▸ GIVEN RECORDS
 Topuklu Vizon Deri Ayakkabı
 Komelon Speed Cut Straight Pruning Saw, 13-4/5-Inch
---
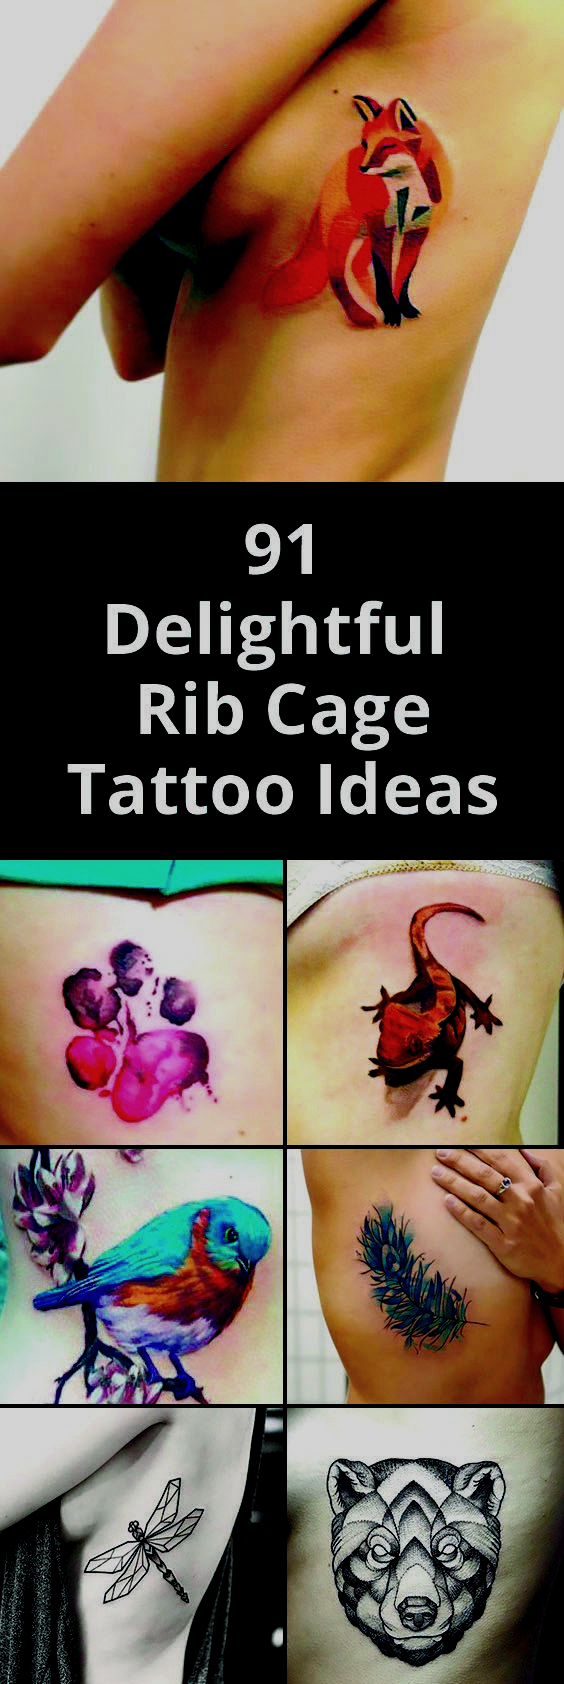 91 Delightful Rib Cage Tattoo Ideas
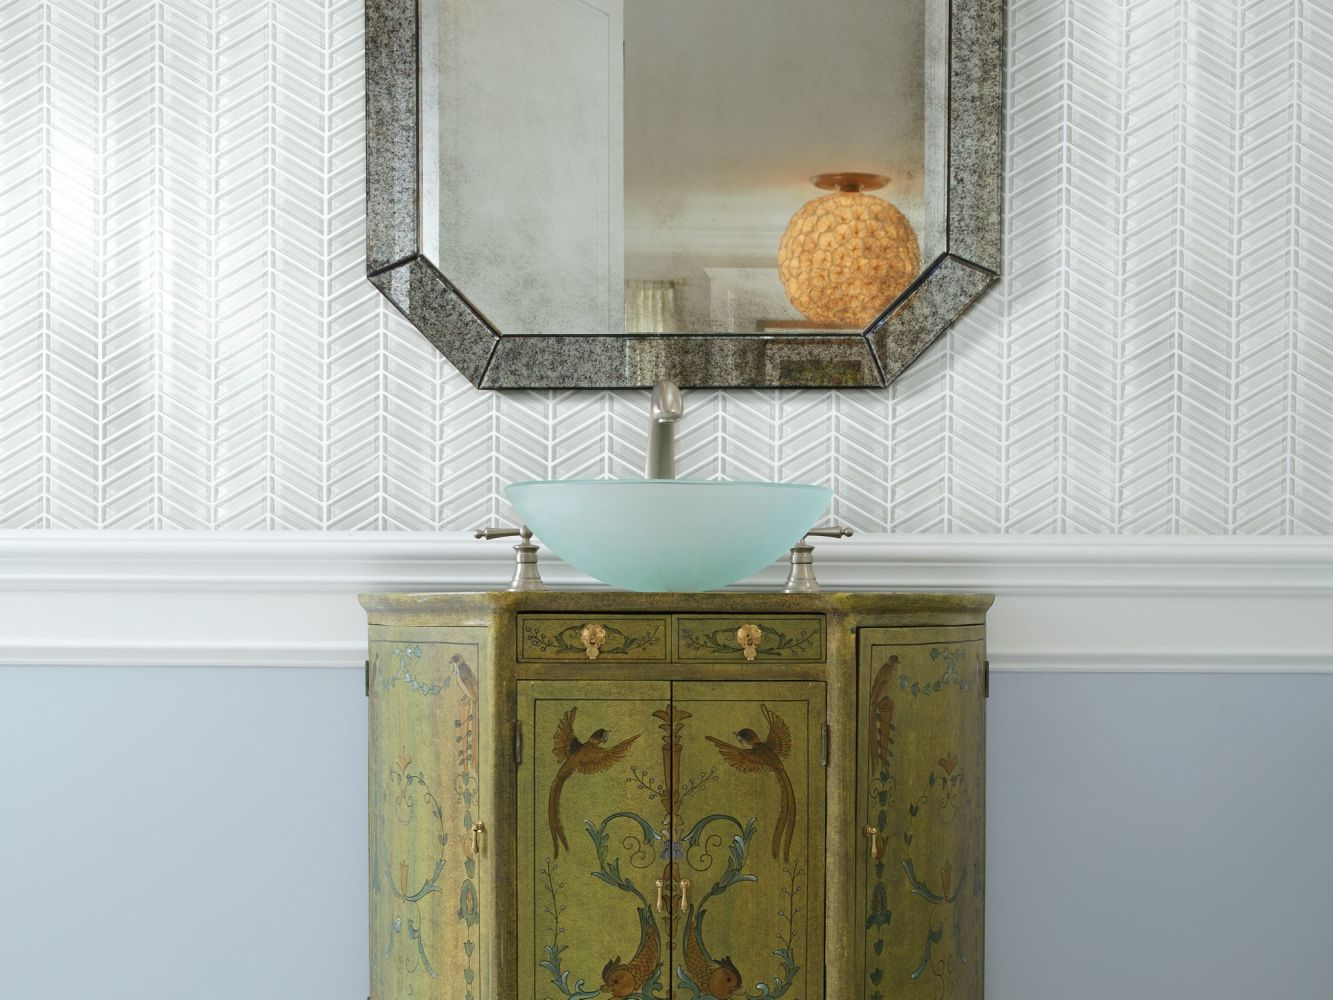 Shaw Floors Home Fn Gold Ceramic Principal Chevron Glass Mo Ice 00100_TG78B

▸ WHAT IS REQUIRED
Exactly as written above, retype the lines starting at the one holding "91 Delightful Rib Cage Tattoo Ideas" and ending at the one holding "Shaw Floors Home", both included, but not the pictures.

▸ OUTPUT OF THE EXERCISE
 91 Delightful Rib Cage Tattoo Ideas
 Shaw Floors Home Fn Gold Ceramic Principal Chevron Glass Mo Ice 00100_TG78B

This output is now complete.